=== DATA EXCERPT ===
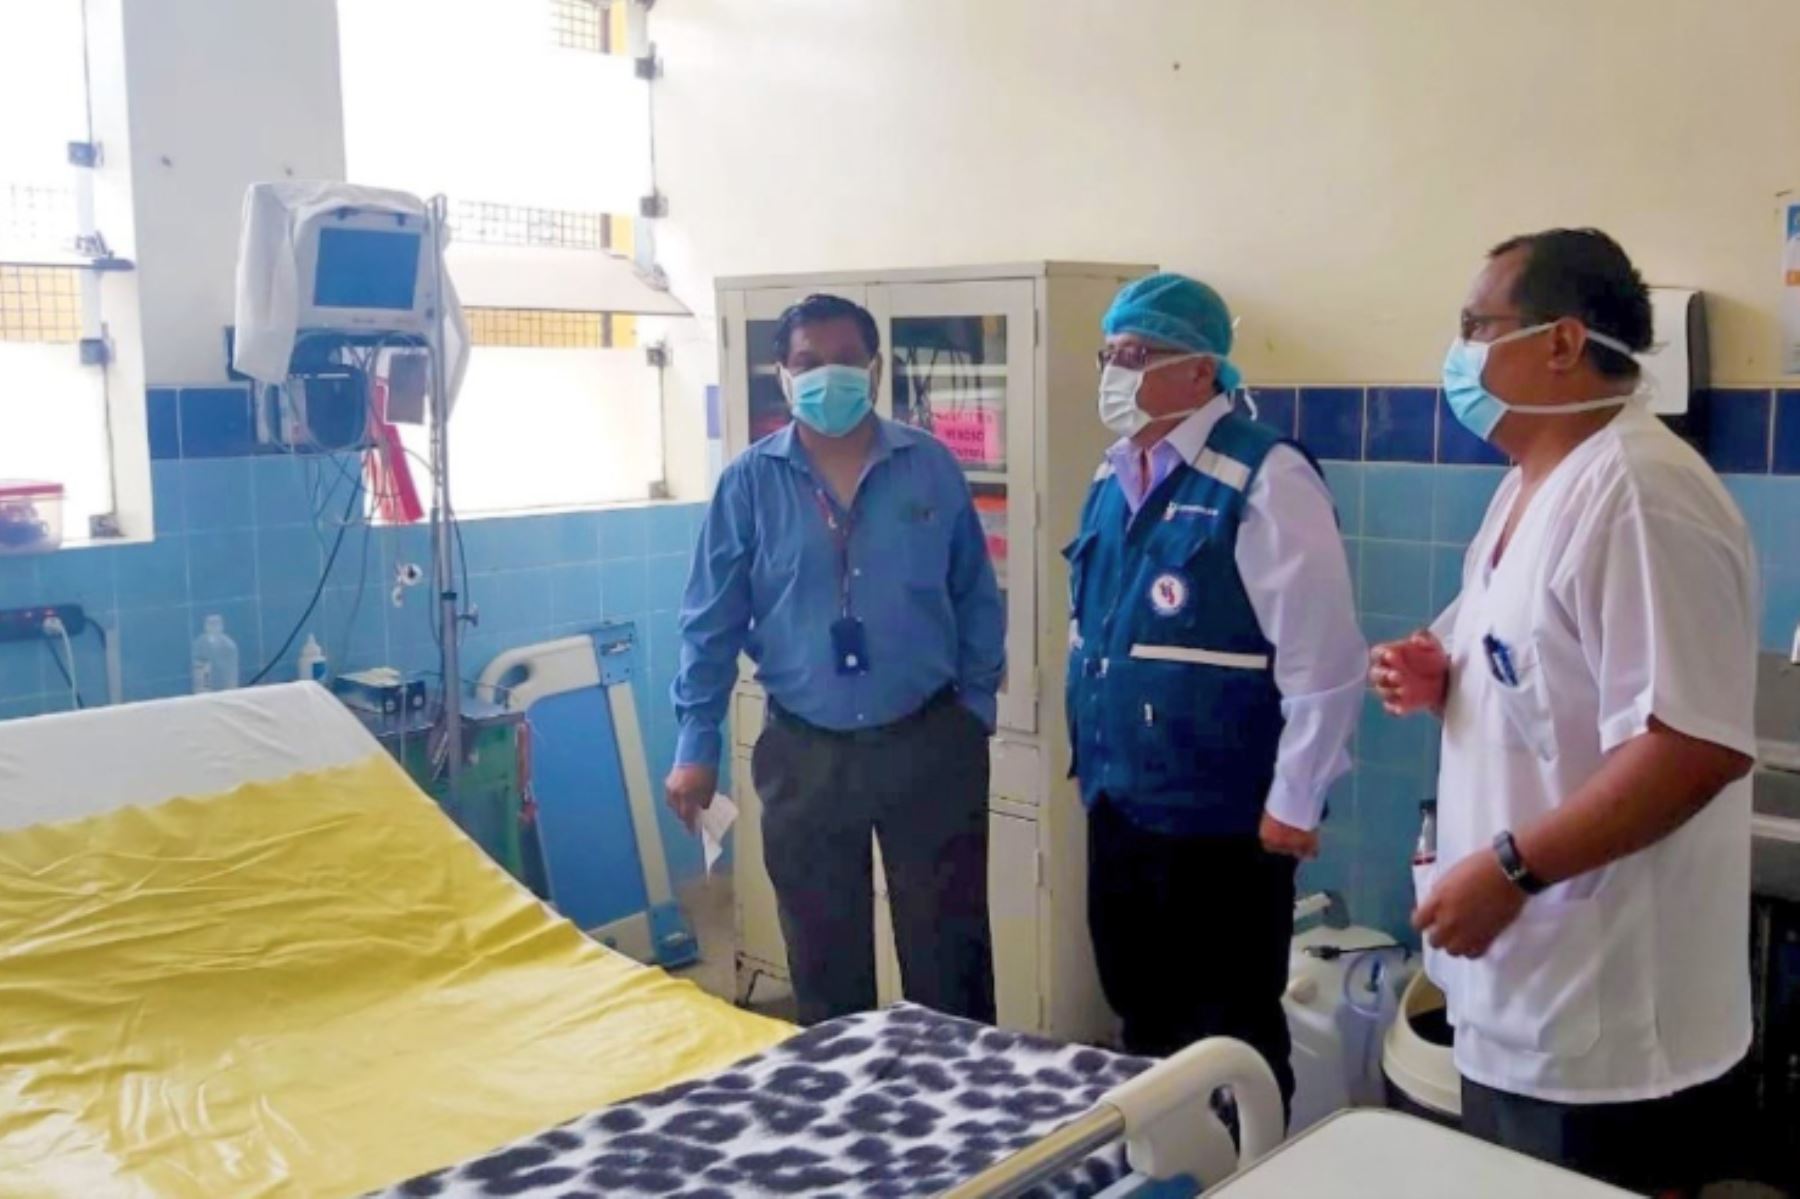 El Ejecutivo transfirió una partida presupuestal superior a los 3 millones de soles destinada a los hospitales de la región Lima, a fin de fortalecer la prevención y detener la propagación del coronavirus Covid-19.
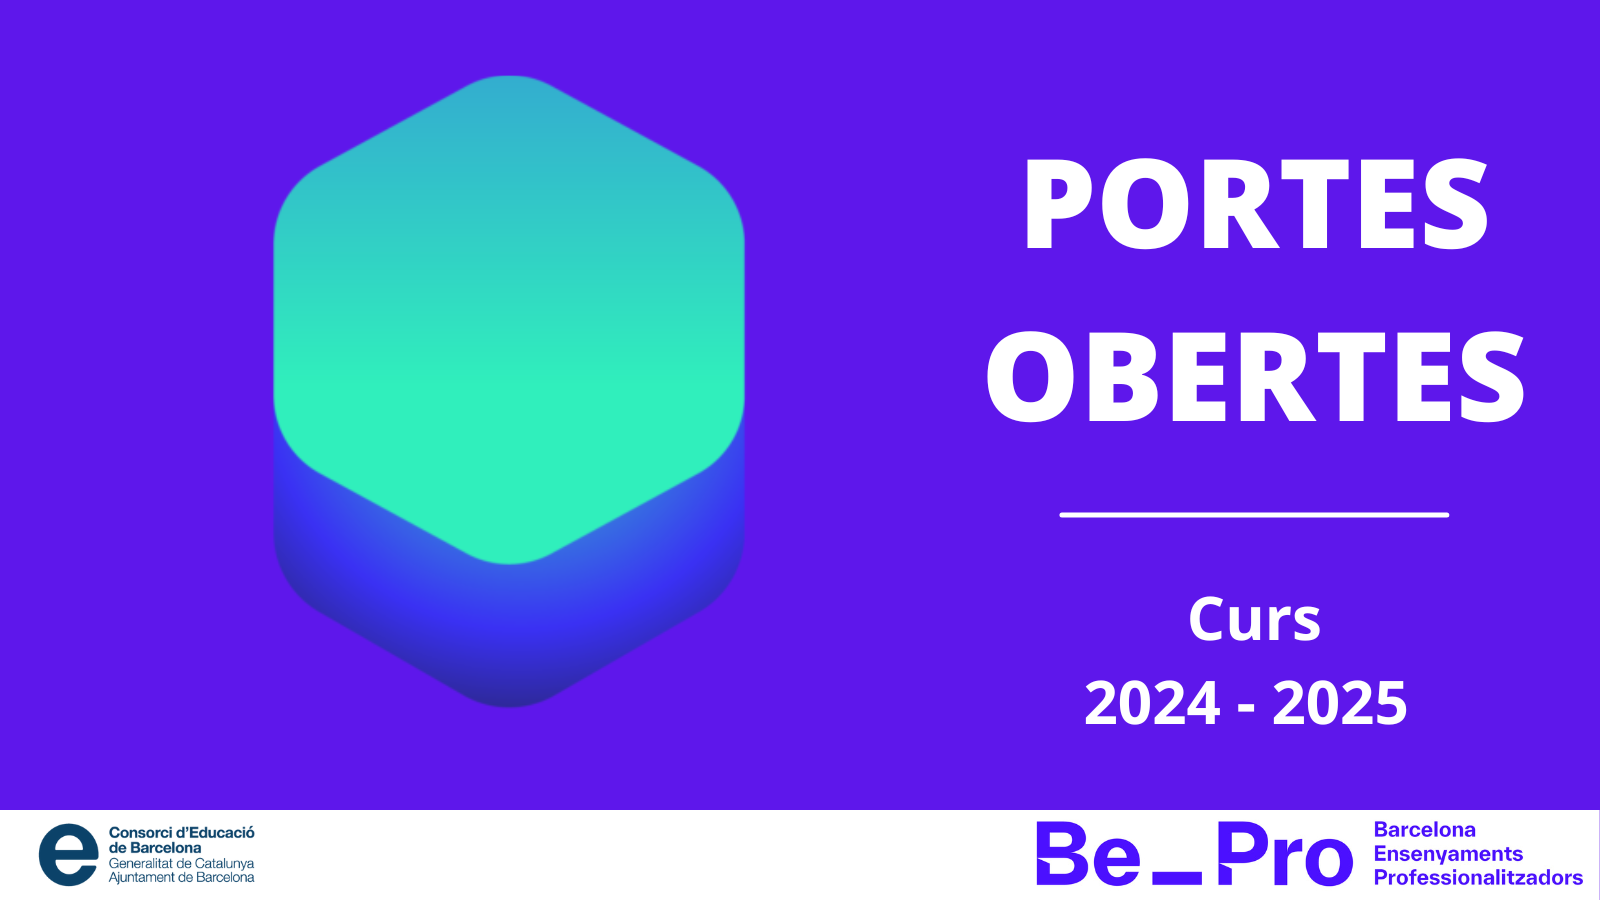 PORTES OBERTES 2024 - 2025
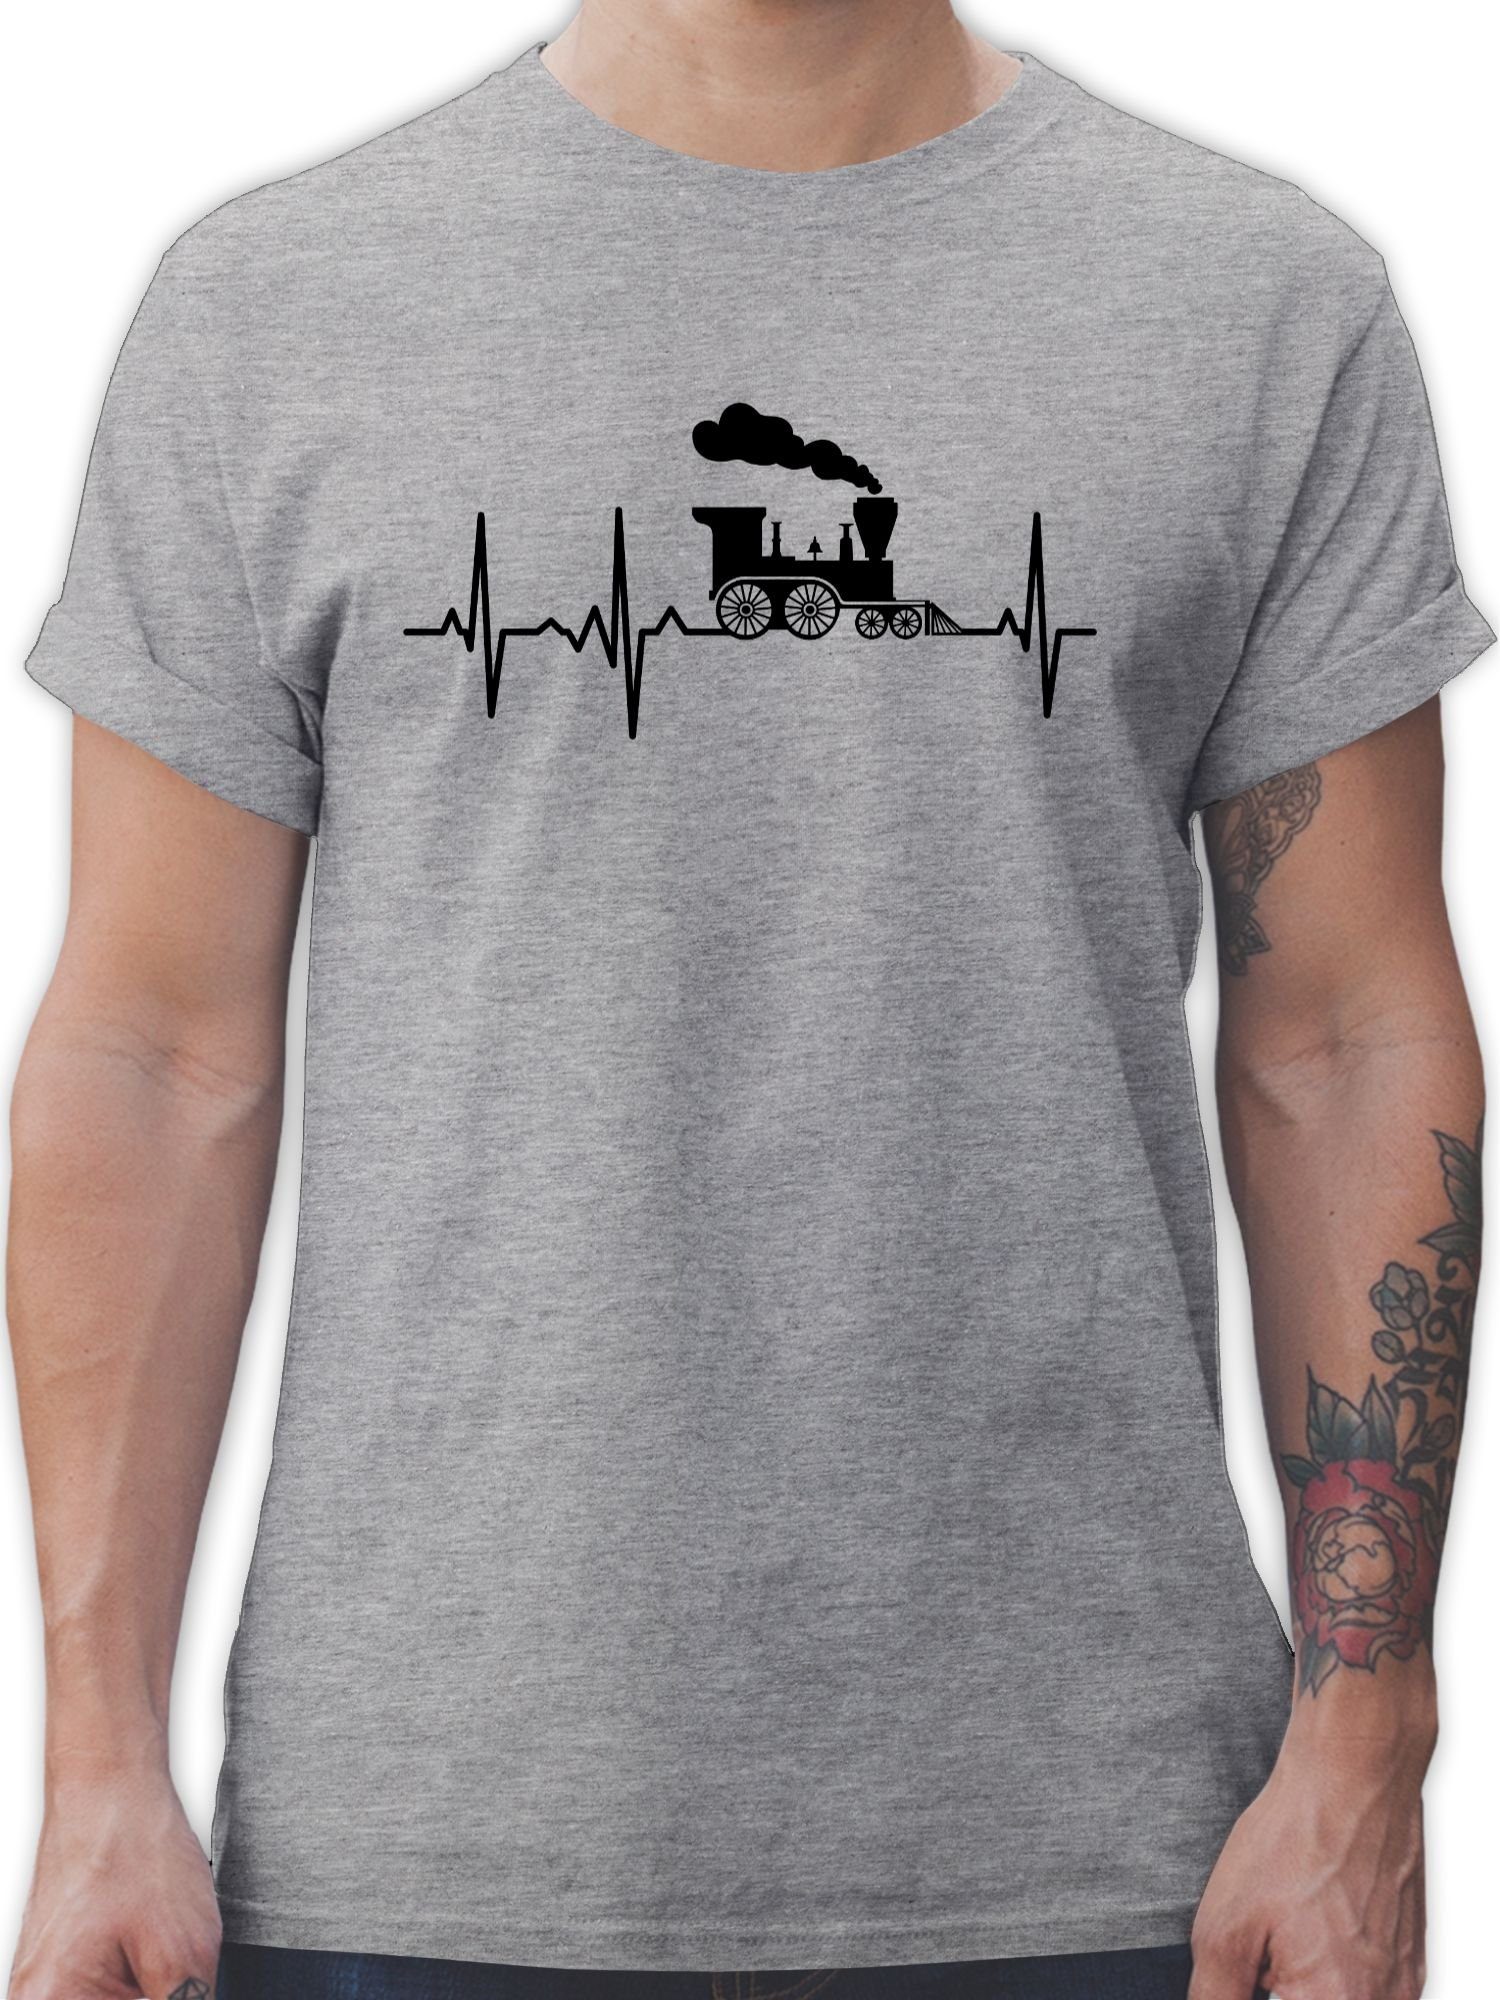 Shirtracer T-Shirt Dampflok Herzschlag I Dampflokomotive Geschenk Eisenbahner Eisenbahnli Hobby Outfit 2 Grau meliert
===
TASK DETAILS:
Give back exactly the lines from the first line of the data through the line with "PORTES OBERTES 2024 - 2025", pictures excluded.

RESPONSE TO THE TASK:
 El Ejecutivo transfirió una partida presupuestal superior a los 3 millones de soles destinada a los hospitales de la región Lima, a fin de fortalecer la prevención y detener la propagación del coronavirus Covid-19.
 PORTES OBERTES 2024 - 2025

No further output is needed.